§ Assignment
Give the data below again exactly, and drop each picture from it.

§ Provided data
-*-

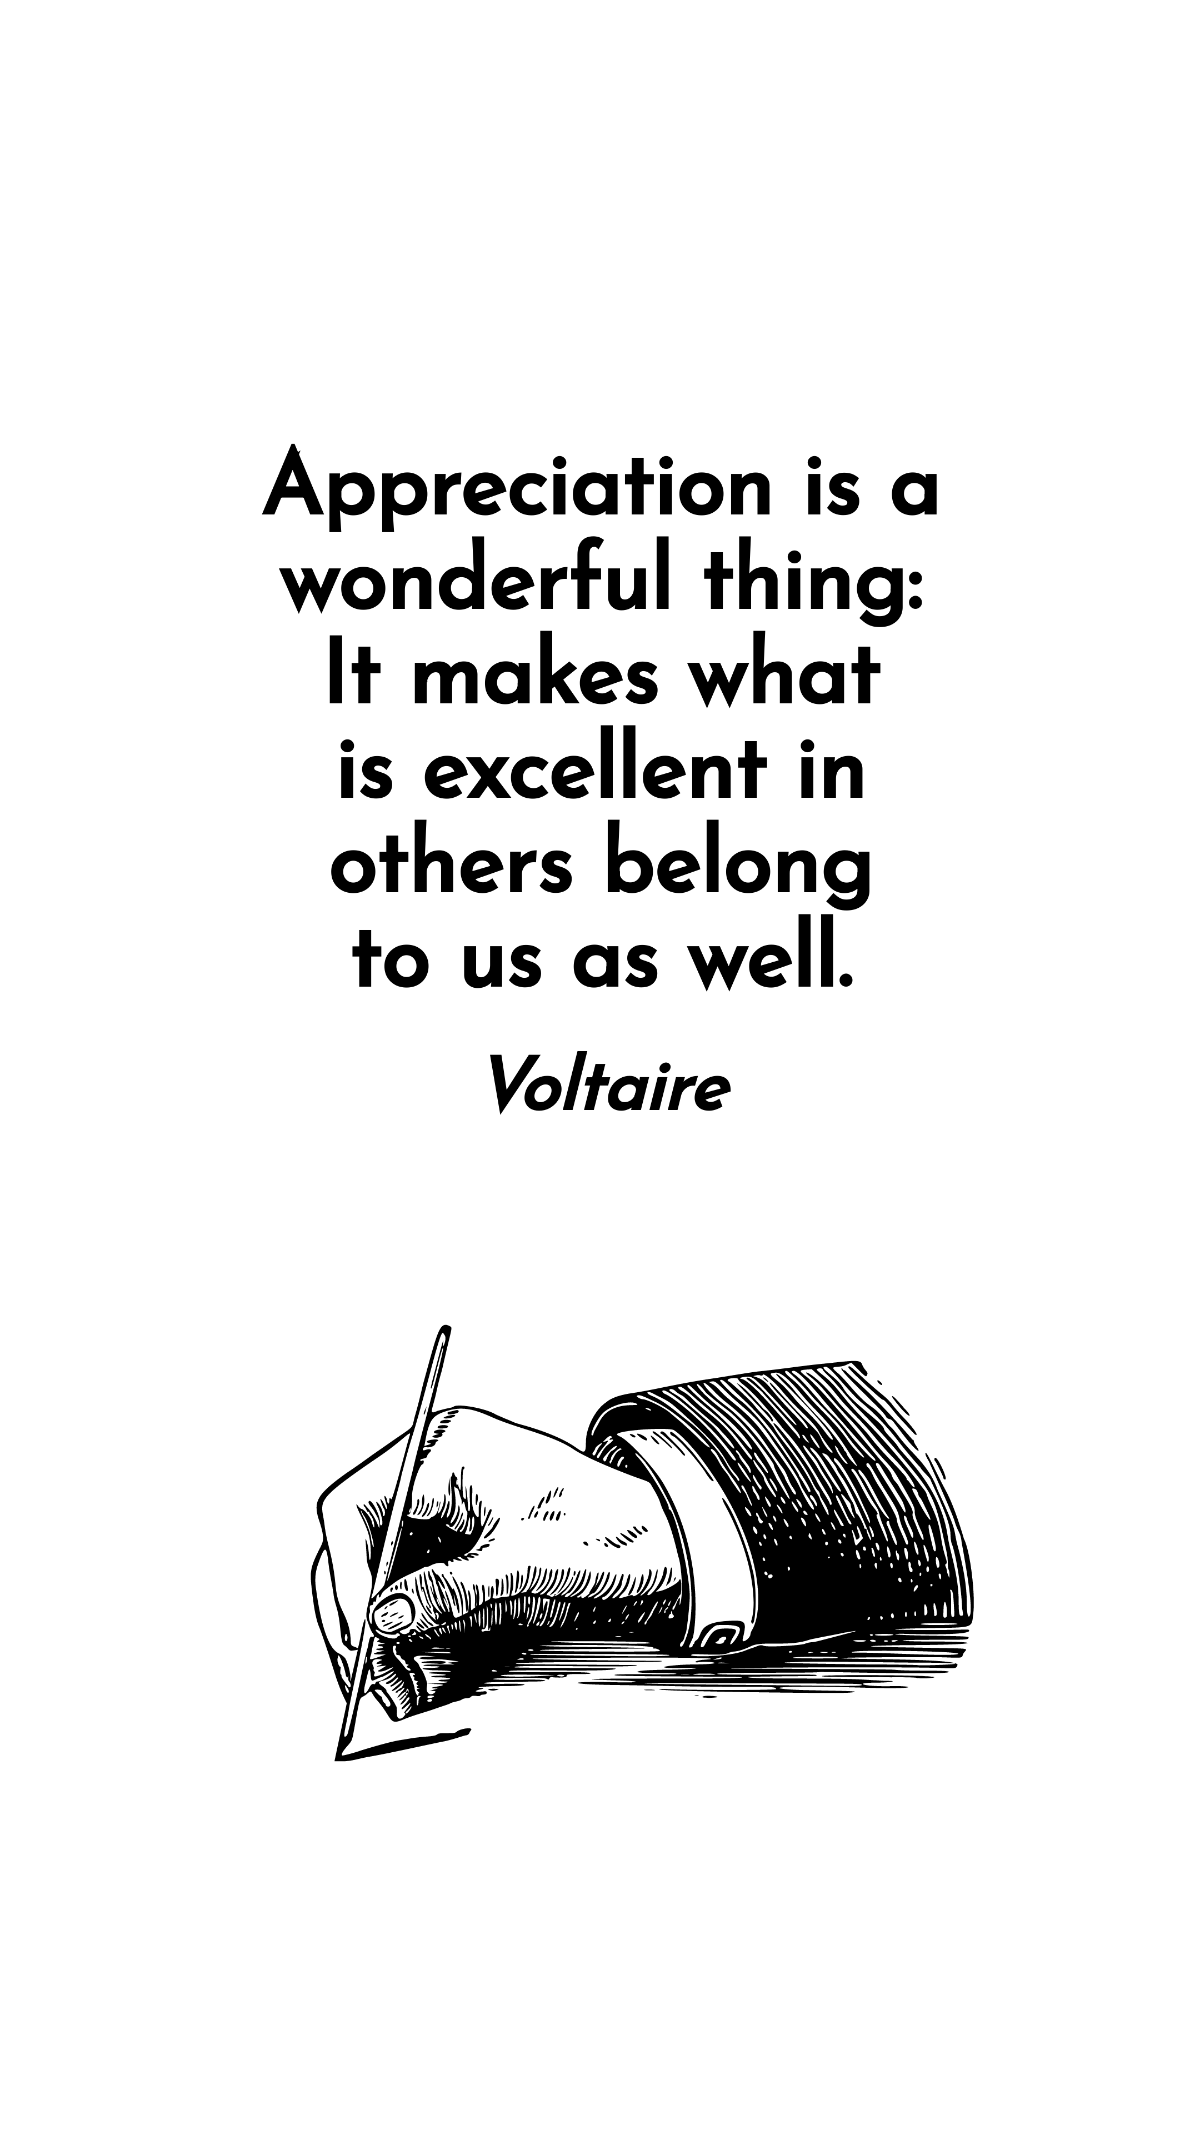 Voltaire - Appreciation is a wonderful thing: It makes what is excellent in others belong to us as well.
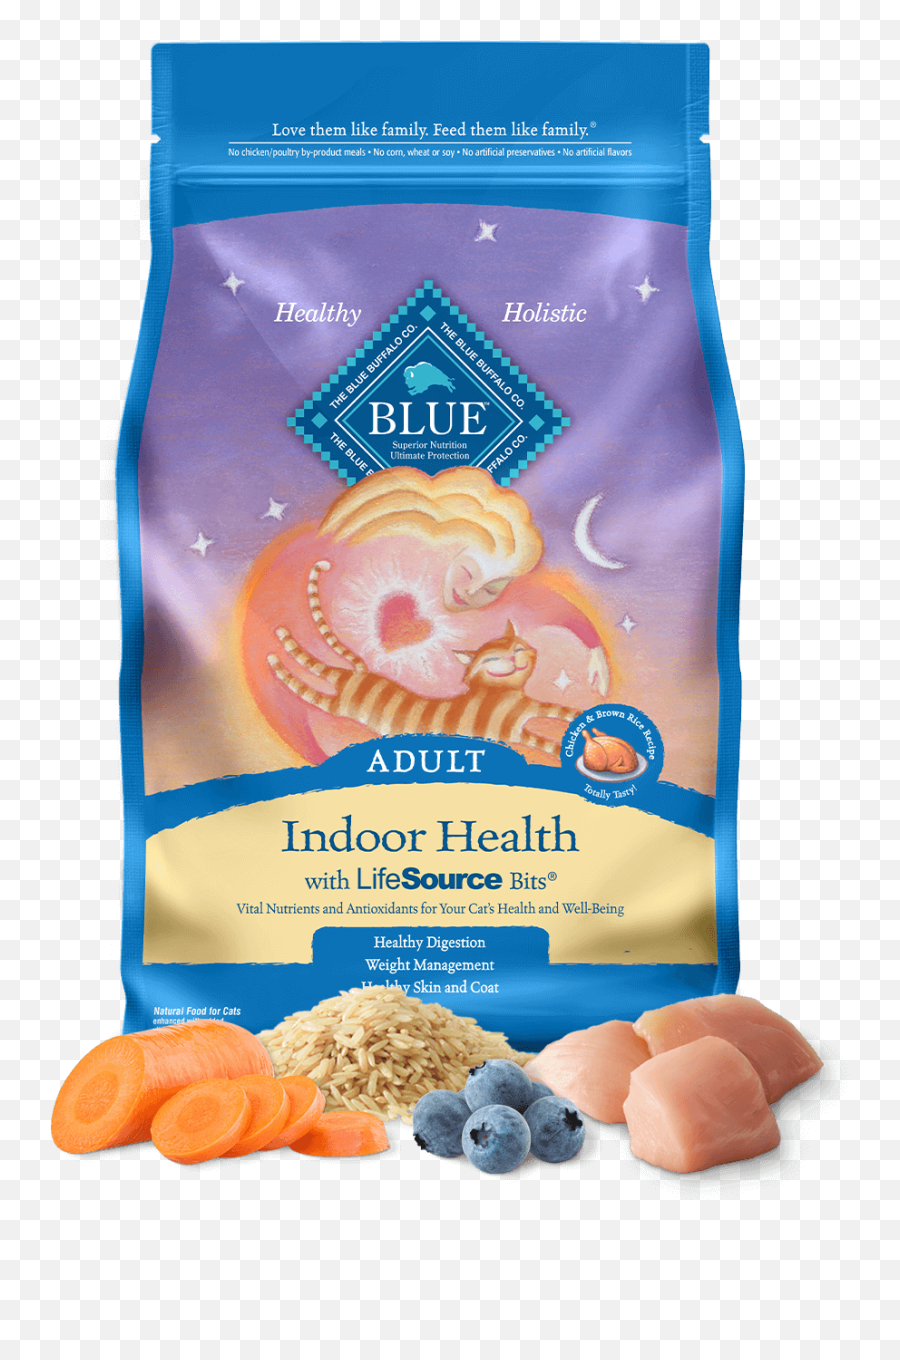 Blue Indoor Health Dry Cat Food Chicken U0026 Brown Rice Recipe - Blue Buffalo Indoor Cat Food Emoji,4 Different Cats With 4 Different Emotions
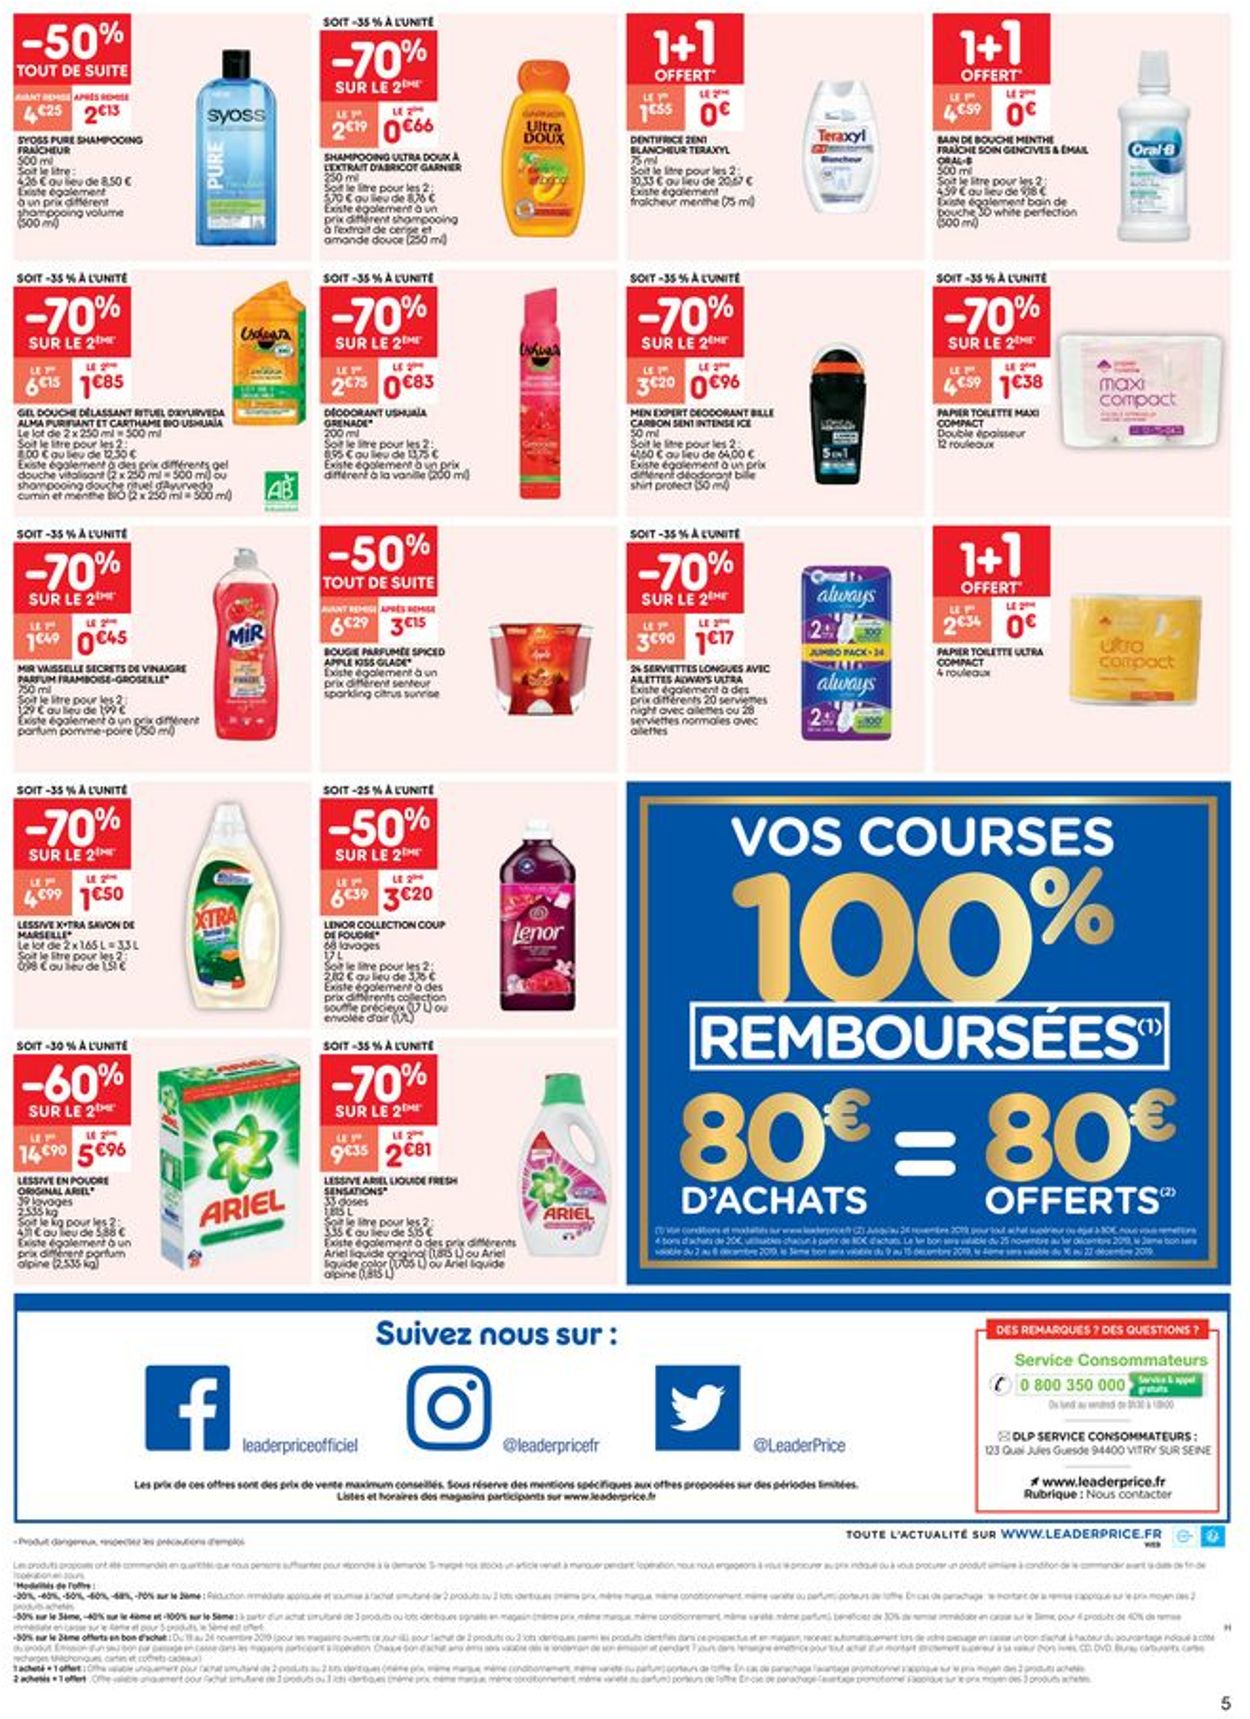 Leader Price Catalogue - 19.11-24.11.2019 (Page 5)
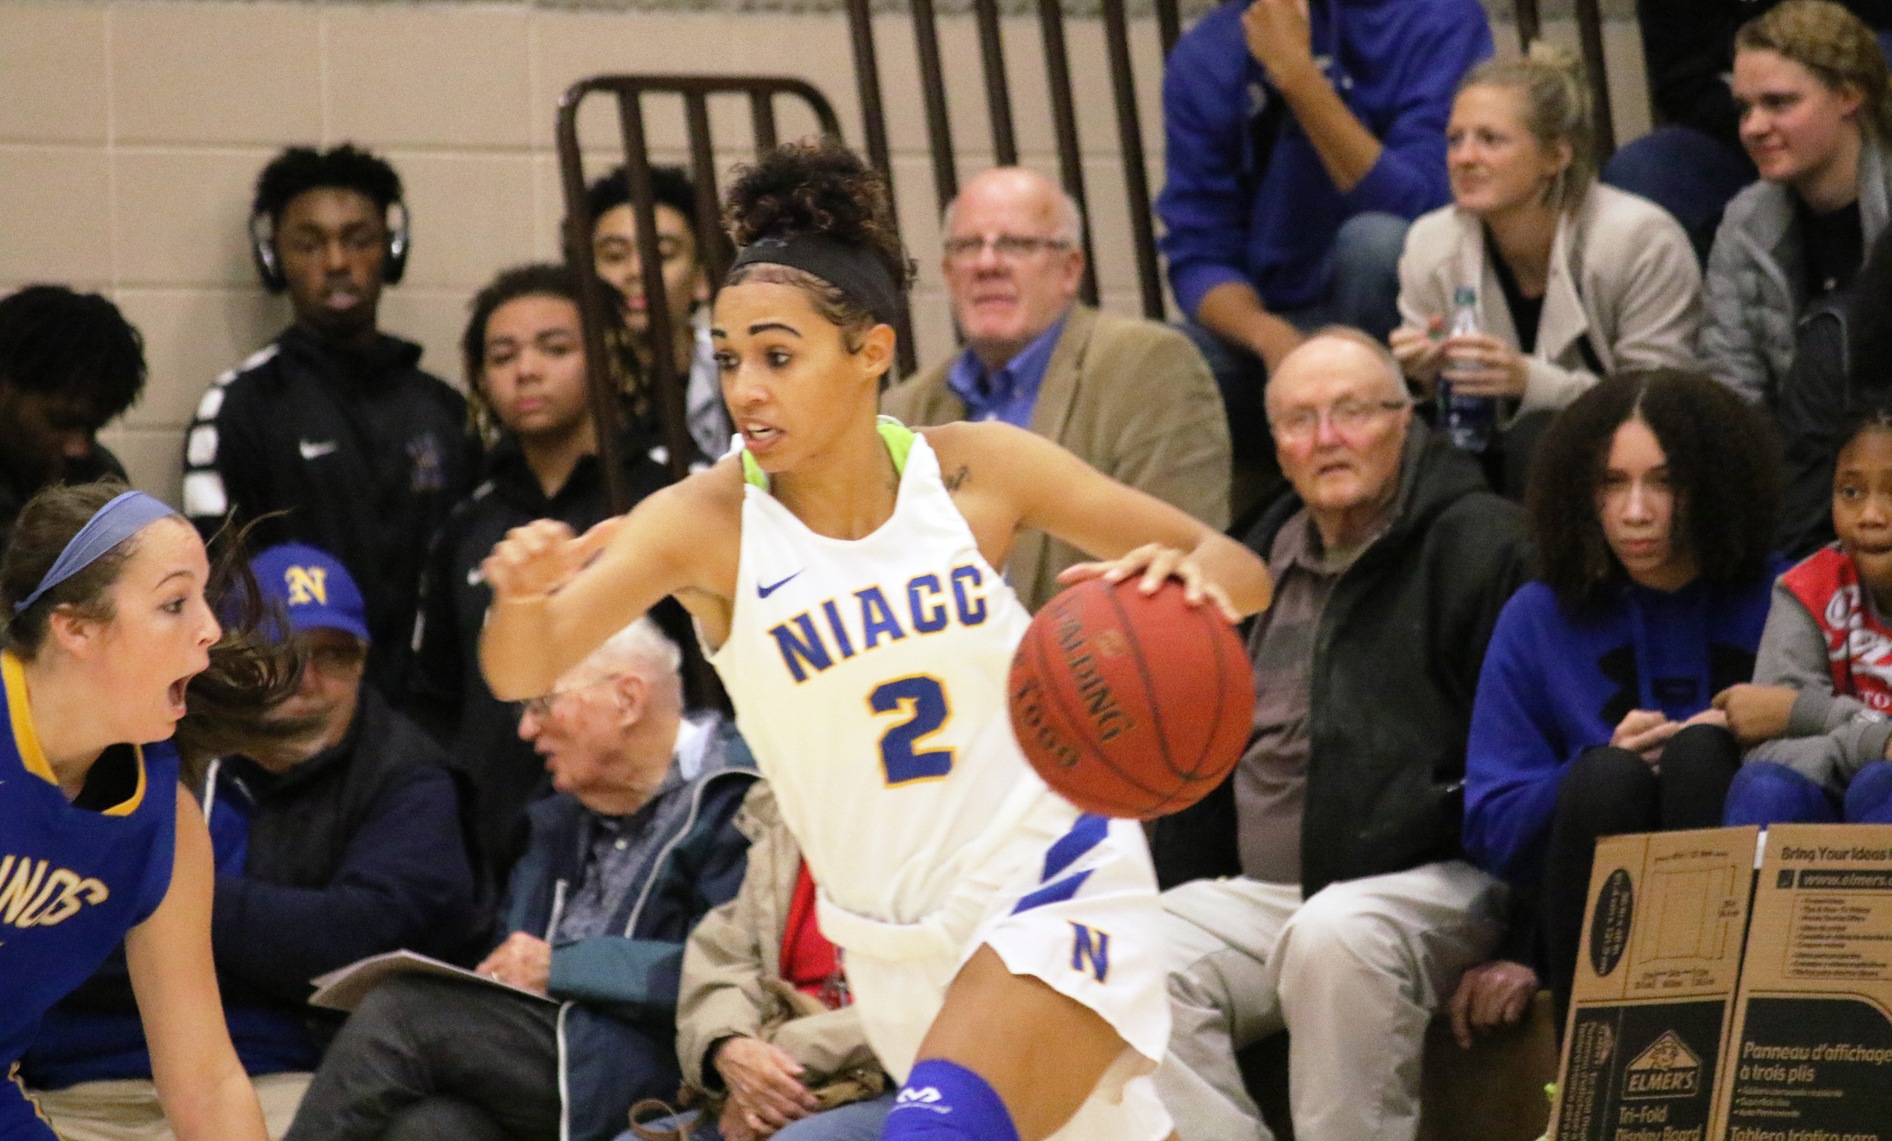 NIACC's Mikayla Homola drives to the basket in last Friday's win over Illinois Central.

-*-

§ Solution to this problem
 Voltaire - Appreciation is a wonderful thing: It makes what is excellent in others belong to us as well.
 Blue Indoor Health Dry Cat Food Chicken U0026 Brown Rice Recipe - Blue Buffalo Indoor Cat Food Emoji,4 Different Cats With 4 Different Emotions
 Leader Price Catalogue - 19.11-24.11.2019 (Page 5)
 NIACC's Mikayla Homola drives to the basket in last Friday's win over Illinois Central.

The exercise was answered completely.